_WORK REQUEST_.
Set down, character for character, everything in the records below from the line holding "Ideo Logo - File:IDEO" down to the line holding "Happy birthday drakshyani bhai brother bro", and no other line.

_MATERIAL SHOWN_.
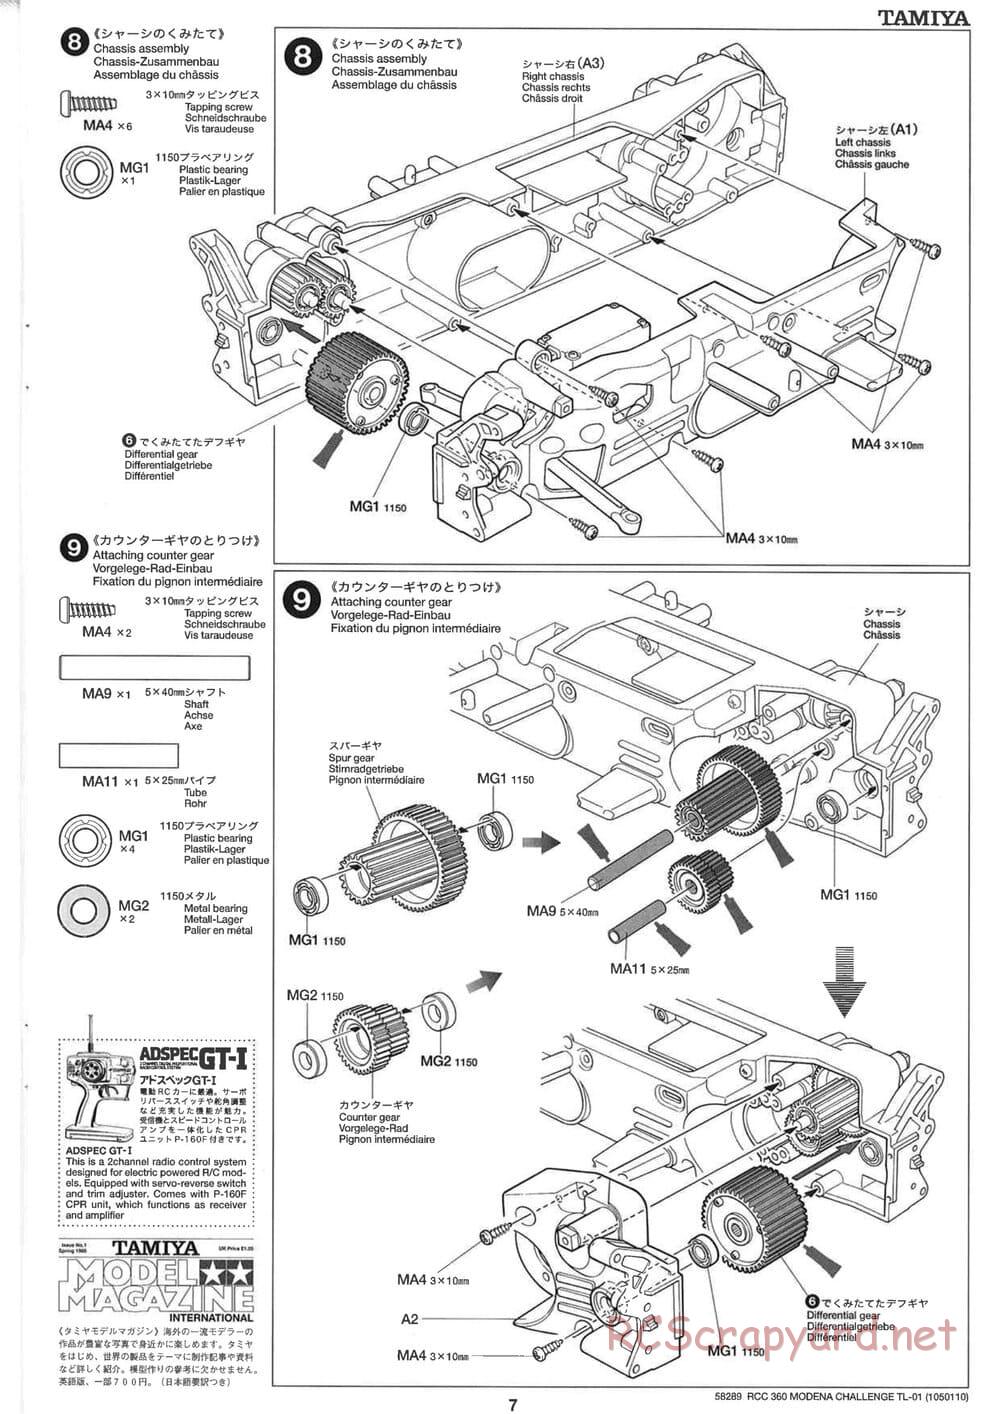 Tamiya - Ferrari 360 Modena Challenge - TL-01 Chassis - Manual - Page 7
...
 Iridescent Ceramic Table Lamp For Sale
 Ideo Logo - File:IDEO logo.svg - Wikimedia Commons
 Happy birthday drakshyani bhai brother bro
--
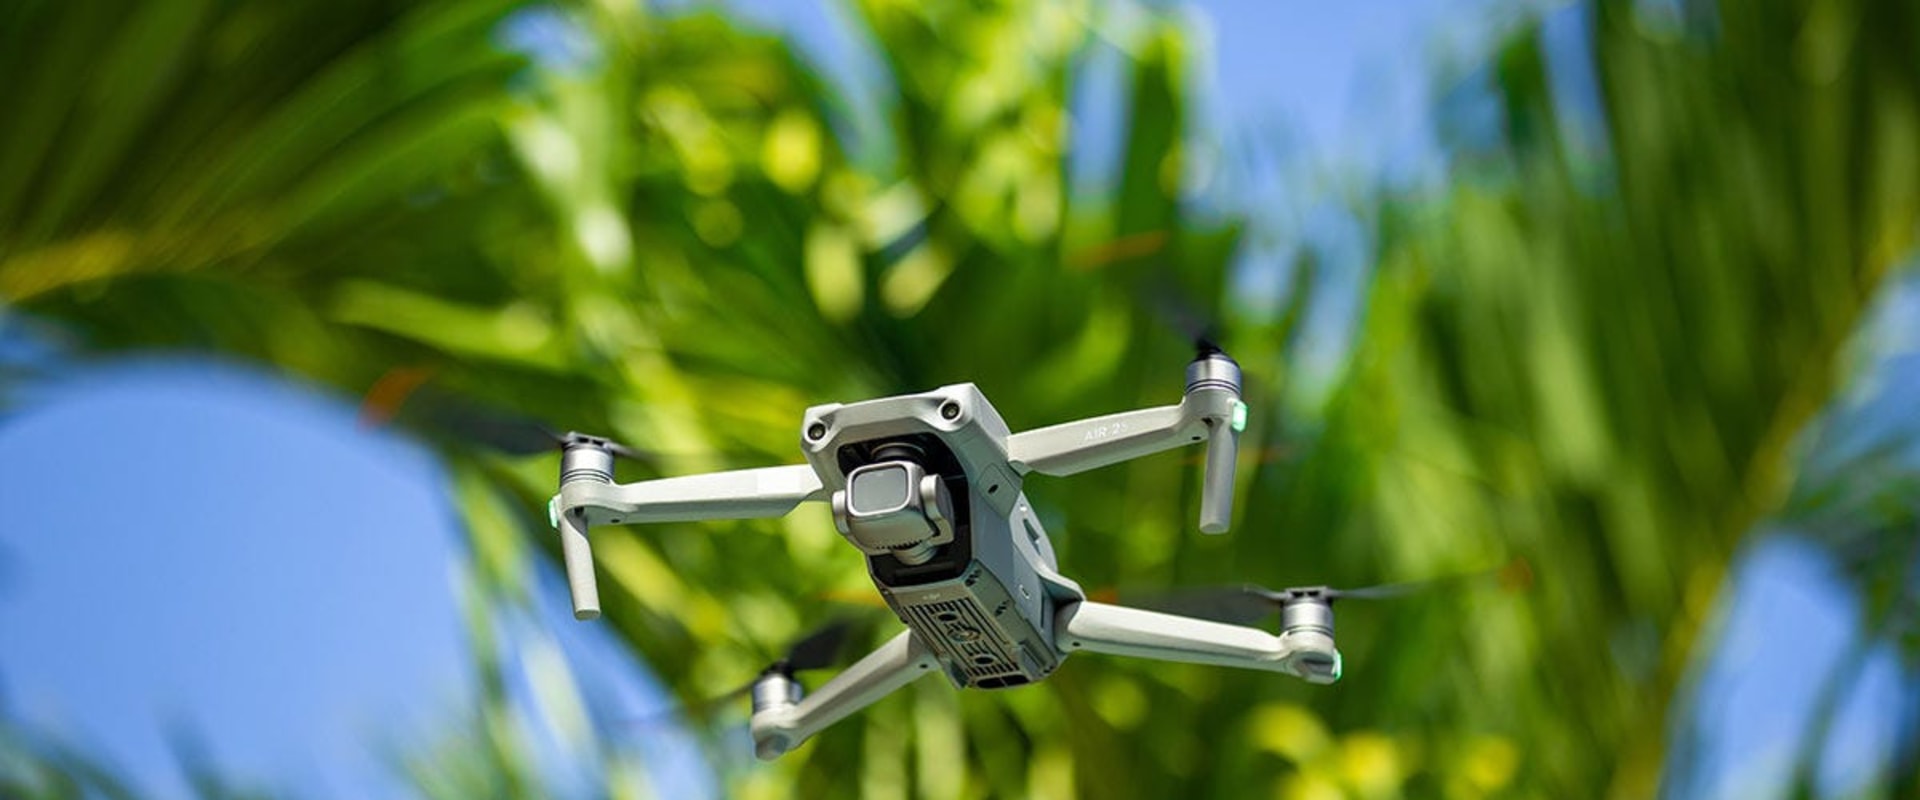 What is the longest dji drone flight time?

_TASK OUTPUT_.
 Ideo Logo - File:IDEO logo.svg - Wikimedia Commons
 Happy birthday drakshyani bhai brother bro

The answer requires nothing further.